Though a very small percentage of the population actually has synesthesia, the small amount of research that has been done on the topic shows that the basis of synesthetic perception stems from mental intuitions that can be traced back to pre-historic intuitions. In other words, synesthetic perceptions are thought to be enhancements of non-synesthetic perceptions. This suggests that some basic perceptions are the same across all cohorts. My inquiries with other individuals supports this hypothesis. Over the years, I have probably asked thousands of people about how they perceive nothing and everything. Every single person I have spoken to has explained their visual perception of nothing and everything as black, white or some combination of the two.

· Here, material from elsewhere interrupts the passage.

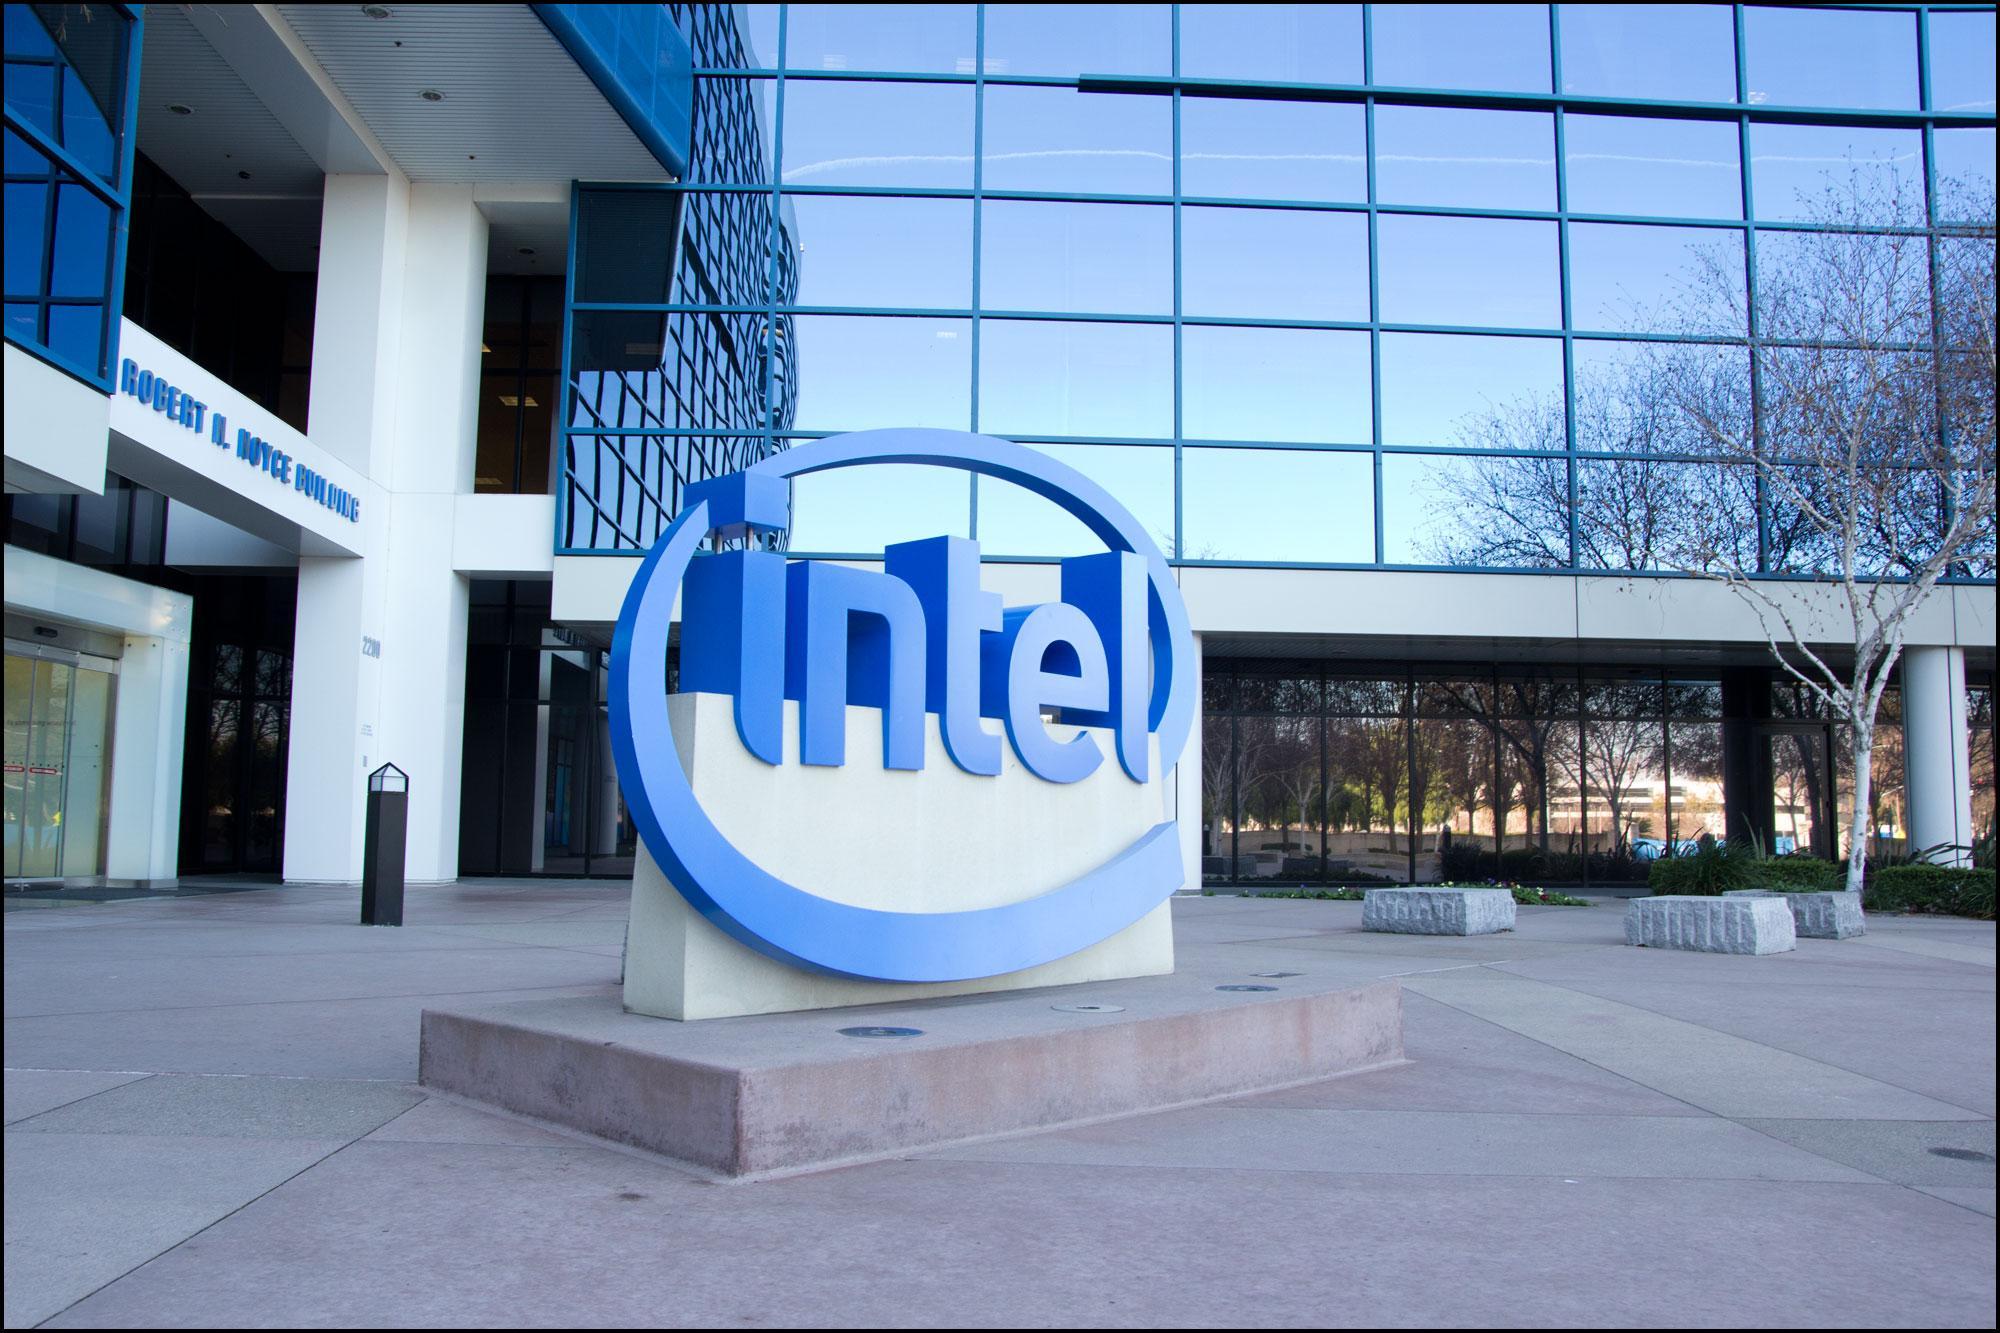 Intels lokaler i Silicon Valley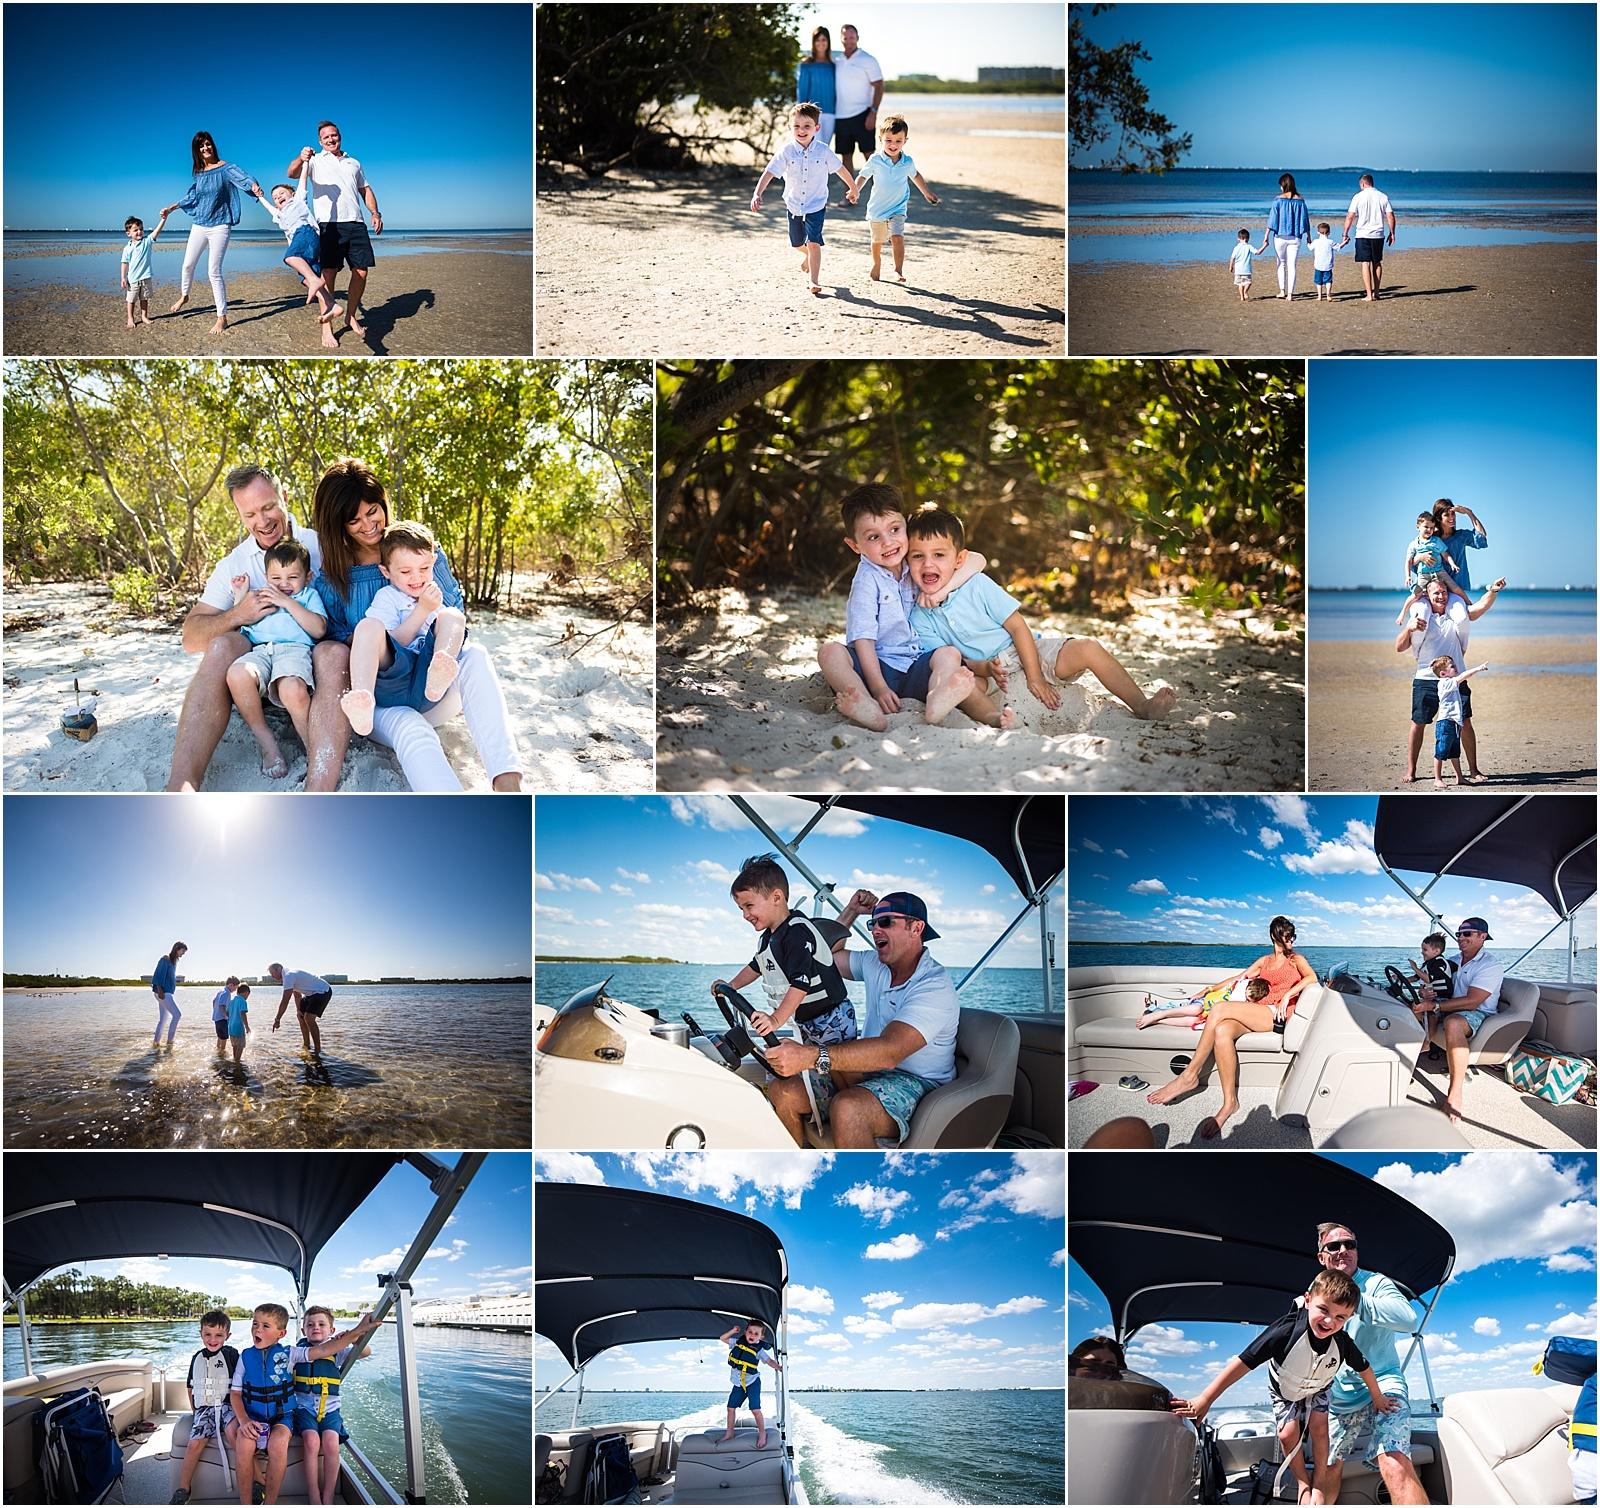 Florida_beach_Boat_Vacation_Maggie_Fuller.jpg

The strong prevalence of black and white as people’s visual perception of nothing and everything had led me to further explore and theorize about their significance. I have learned that black and white are both theoretically impossible to create as they involve all three primary colors being combined in exactly equal proportions; white reflecting the combinations in light, and black reflecting the combinations in matter.
The connections between colors, concepts, objects and their significance has instilled within me a tendency to automatically focus on or search for the similarities between things while filtering out the differences. While this has enhanced my creative abilities, it has often hindered my ability to follow directions, analyze events in isolation, and maintain satisfaction with the status quo. It has also caused me to question the standard format of education.
Because it is virtually impossible for me to consider one subject without connecting it to another, I have never understood school’s need to divorce subjects like science and math from their lingual and philosophical counterparts. For this reason, a great deal of my pieces attempt to reconcile these divides. By depicting images on geometric canvases and by using a very systematic process, I am trying to show the ways in which art can be a very mathematical subject. Basing my decisions off of color theory and using a very scientific method to create the colors used in my pieces also allows me to combine the two fields and art without drawing any direct attention to the subjects of science and math.
Overall, the art that I make reflects my perception of the world around me. I visually depict the similarities I see in objects and concepts that many would assume are unrelated.